The PLR is calculated by dividing the absolute platelet count by the absolute lymphocyte count, while LMR is derived by dividing the absolute lymphocyte count by the absolute monocyte count [13] [14]. All three ratios utilize components of the complete blood count with differential, but they reflect distinct physiological pathways. The analytical protocols share common pre-analytical requirements regarding blood collection and processing, though the interpretation of each ratio emphasizes different aspects of the inflammatory cascade: NLR primarily reflects acute inflammation and stress, PLR integrates thrombotic and inflammatory pathways, and LMR emphasizes adaptive immune function against monocyte-driven chronic inflammation [13] [14] [16].

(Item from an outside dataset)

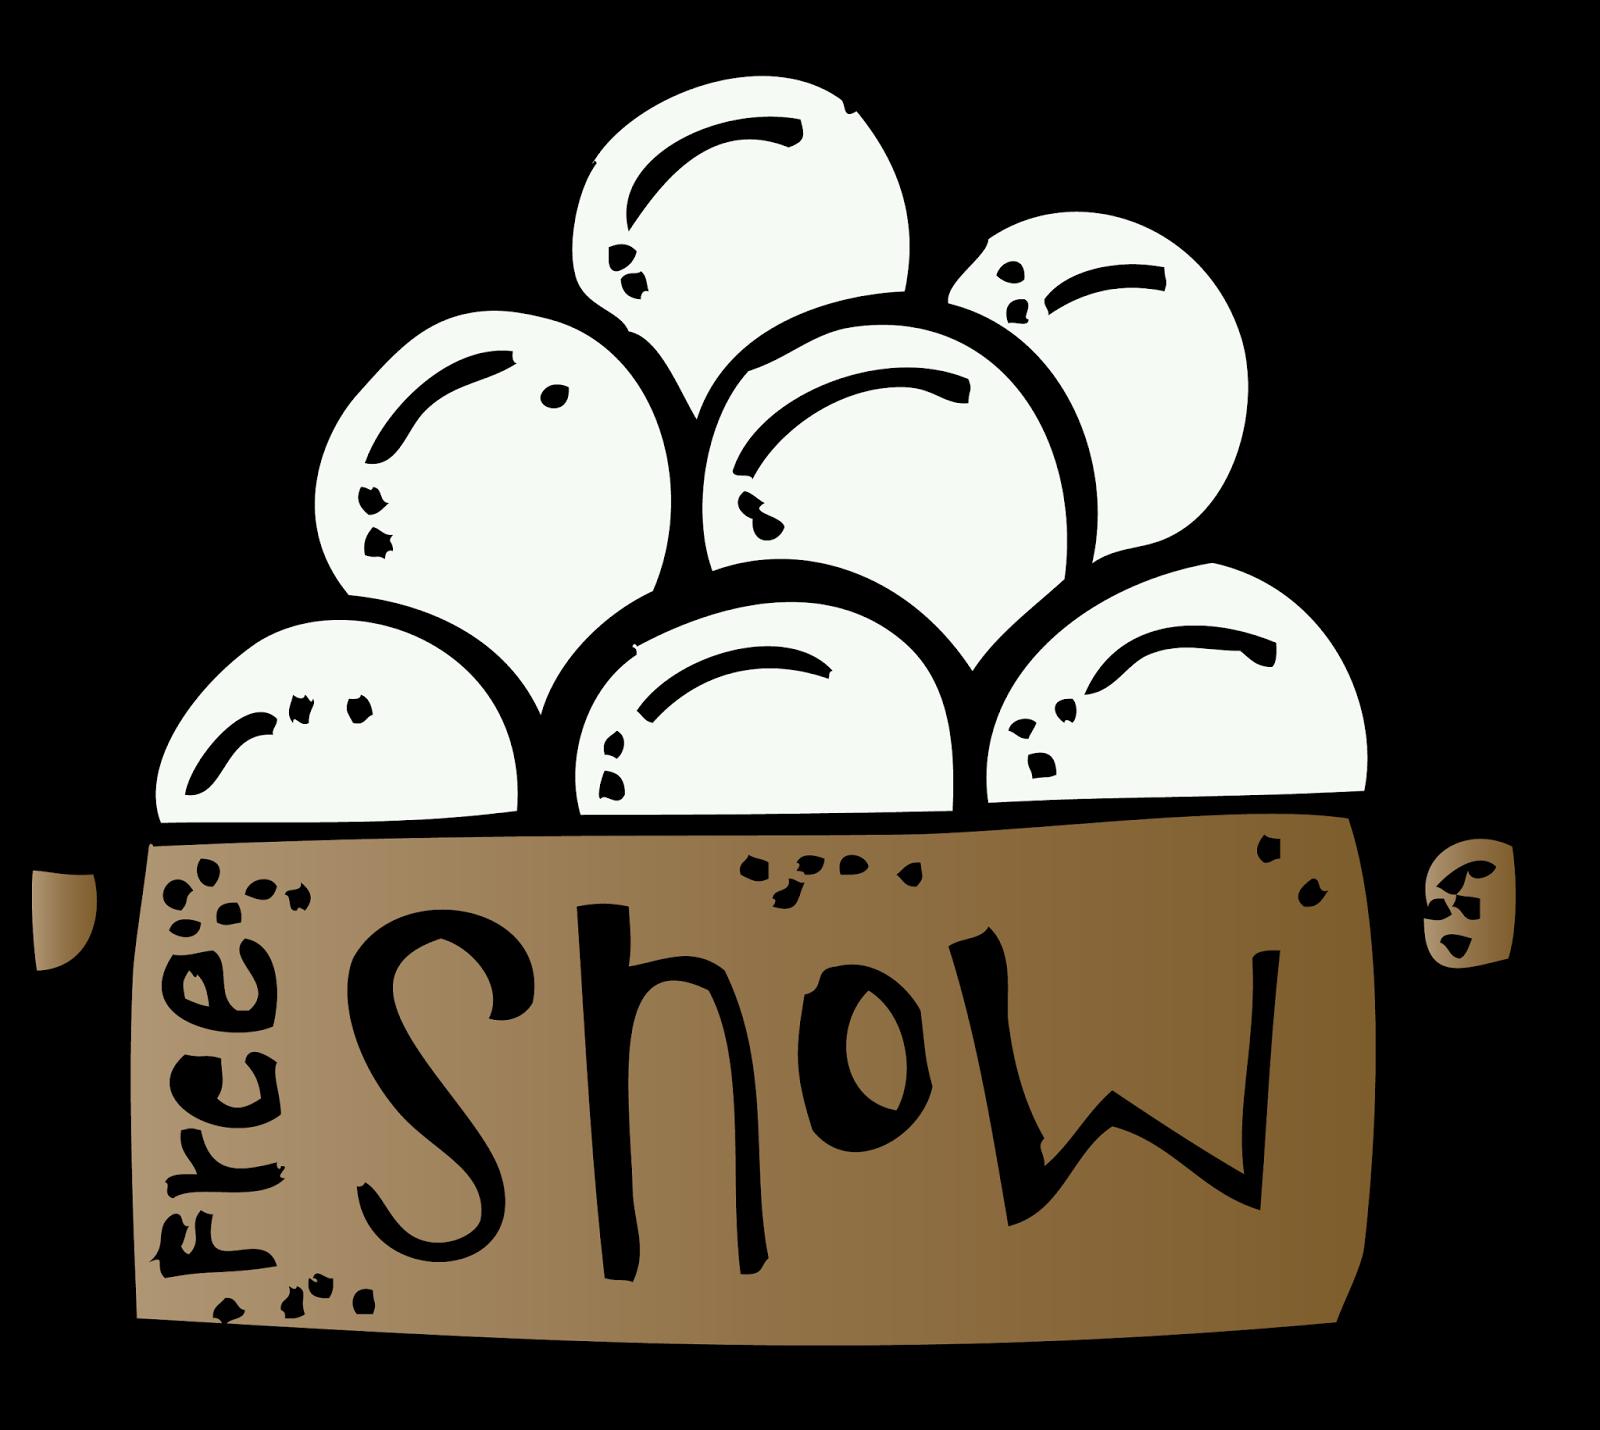 Snowman snowflake clipart black and white download Snow Images Clipart | Free download best Snow Images Clipart on ... black and white download

Table 1: Standardized Experimental Protocol for Inflammatory Ratio Biomarkers

Protocol Step	NLR-Specific Considerations	PLR-Specific Considerations	LMR-Specific Considerations
Sample Collection	EDTA venous blood; fasting not required	EDTA venous blood; fasting not required	EDTA venous blood; fasting not required
Time to Analysis	Within 2-4 hours	Within 2-4 hours (platelets more sensitive to time)	Within 2-4 hours
Required Parameters	Absolute neutrophil count, Absolute lymphocyte count	Platelet count, Absolute lymphocyte count	Absolute lymphocyte count, Absolute monocyte count
Calculation Formula	Neutrophils ÷ Lymphocytes	Platelets ÷ Lymphocytes	Lymphocytes ÷ Monocytes
Primary Biological Reflection	Innate vs adaptive immune balance	Thrombotic-inflammatory interplay	Immune competence vs monocyte-driven inflammation
Key Confounders	Steroids, acute stress, infection	Thrombocytopenia, splenectomy	Chronic infections, hematological disorders

Comparative Performance Across Disease States

Prognostic Performance in Oncological Conditions

The prognostic value of inflammatory ratios has been most extensively validated in oncology, where systemic inflammation plays a crucial role in tumor progression, metastasis, and response to therapy. A comprehensive retrospective analysis of individual patient data from five Phase III clinical trials across multiple cancer types demonstrated that elevated baseline NLR was significantly associated with worse overall survival (OS) and progression-free survival (PFS) [12]. In Cox multivariate analyses, NLR remained an independent predictor of OS with a hazard ratio (HR) of 1.508 (95% CI: 1.390–1.636, p<0.001), outperforming both isolated neutrophil count (N1 HR: 1.390) and lymphocyte count (L1 HR: 0.801) [12]. The superior prognostic performance of NLR compared to its individual components highlights the clinical value of evaluating the balance between these immune compartments rather than absolute counts alone.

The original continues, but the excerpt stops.